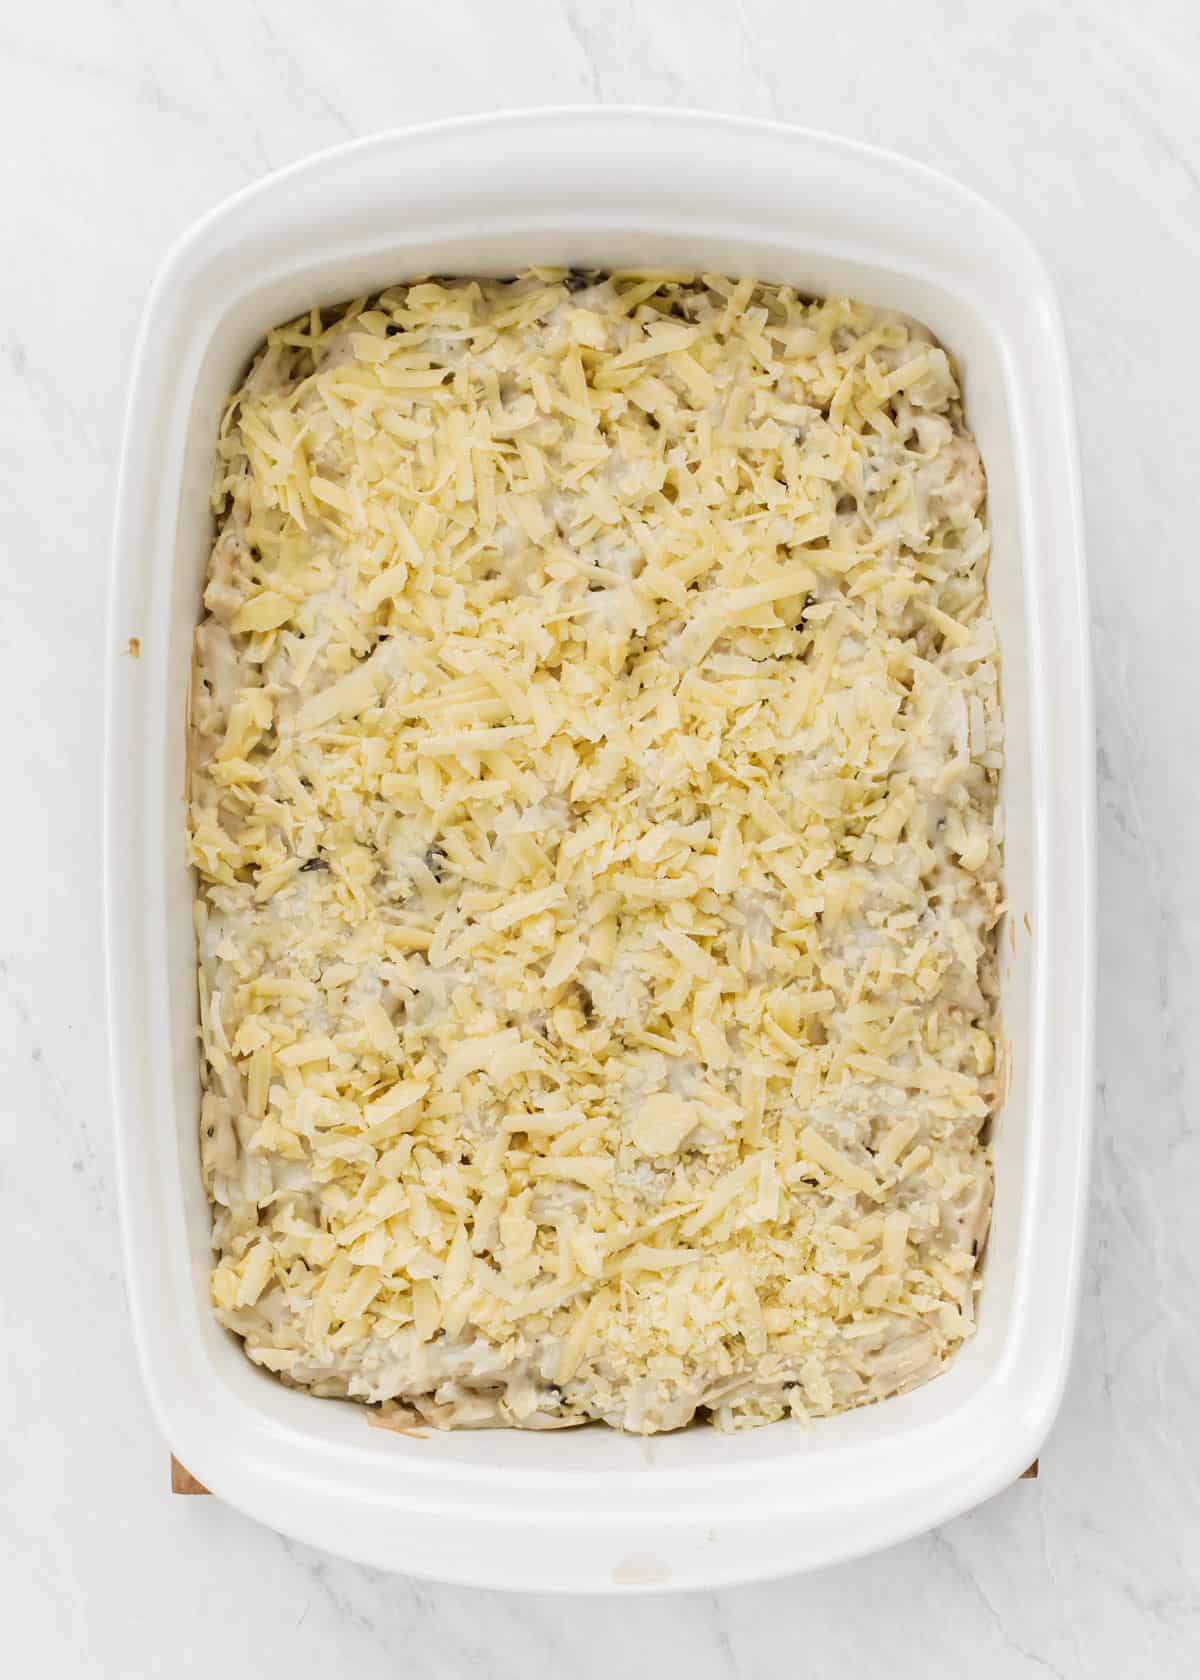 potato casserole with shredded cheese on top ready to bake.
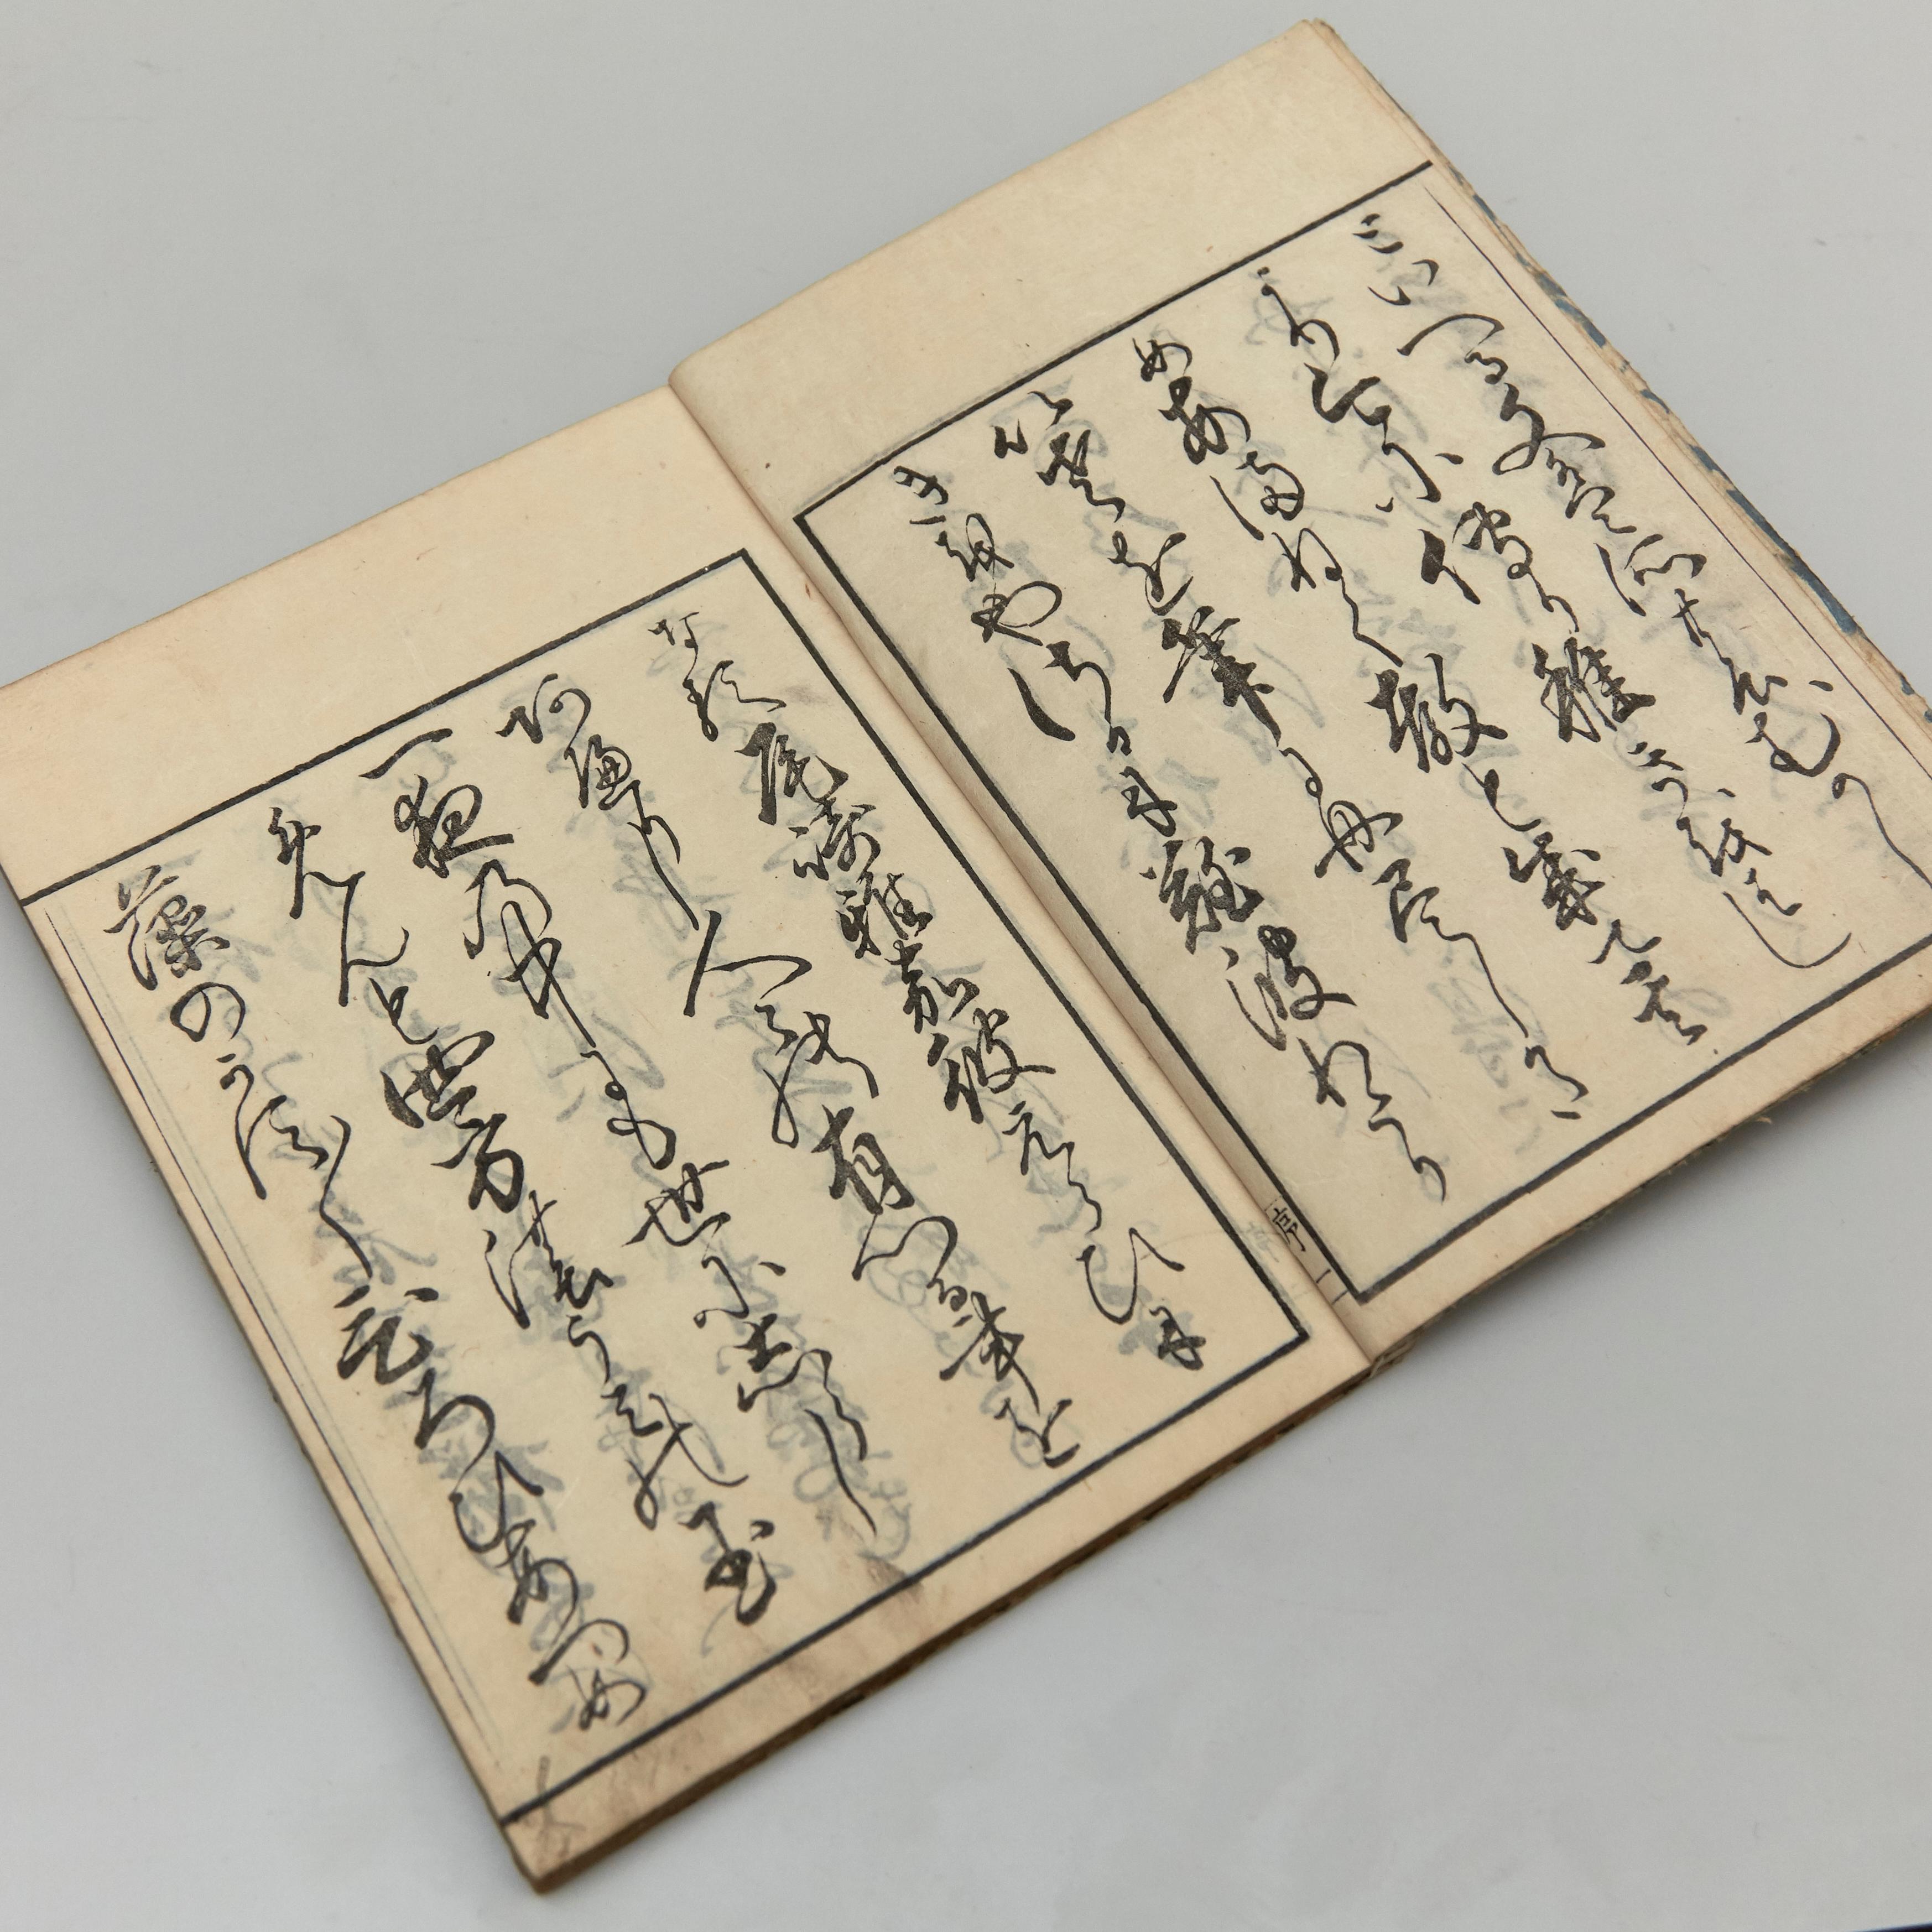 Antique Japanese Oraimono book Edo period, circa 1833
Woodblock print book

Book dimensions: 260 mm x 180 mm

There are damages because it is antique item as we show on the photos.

※

The records above are to be restated exactly, with all pictures omitted.

 potato casserole with shredded cheese on top ready to bake.
 Antique Japanese Oraimono book Edo period, circa 1833
Woodblock print book

Book dimensions: 260 mm x 180 mm

There are damages because it is antique item as we show on the photos.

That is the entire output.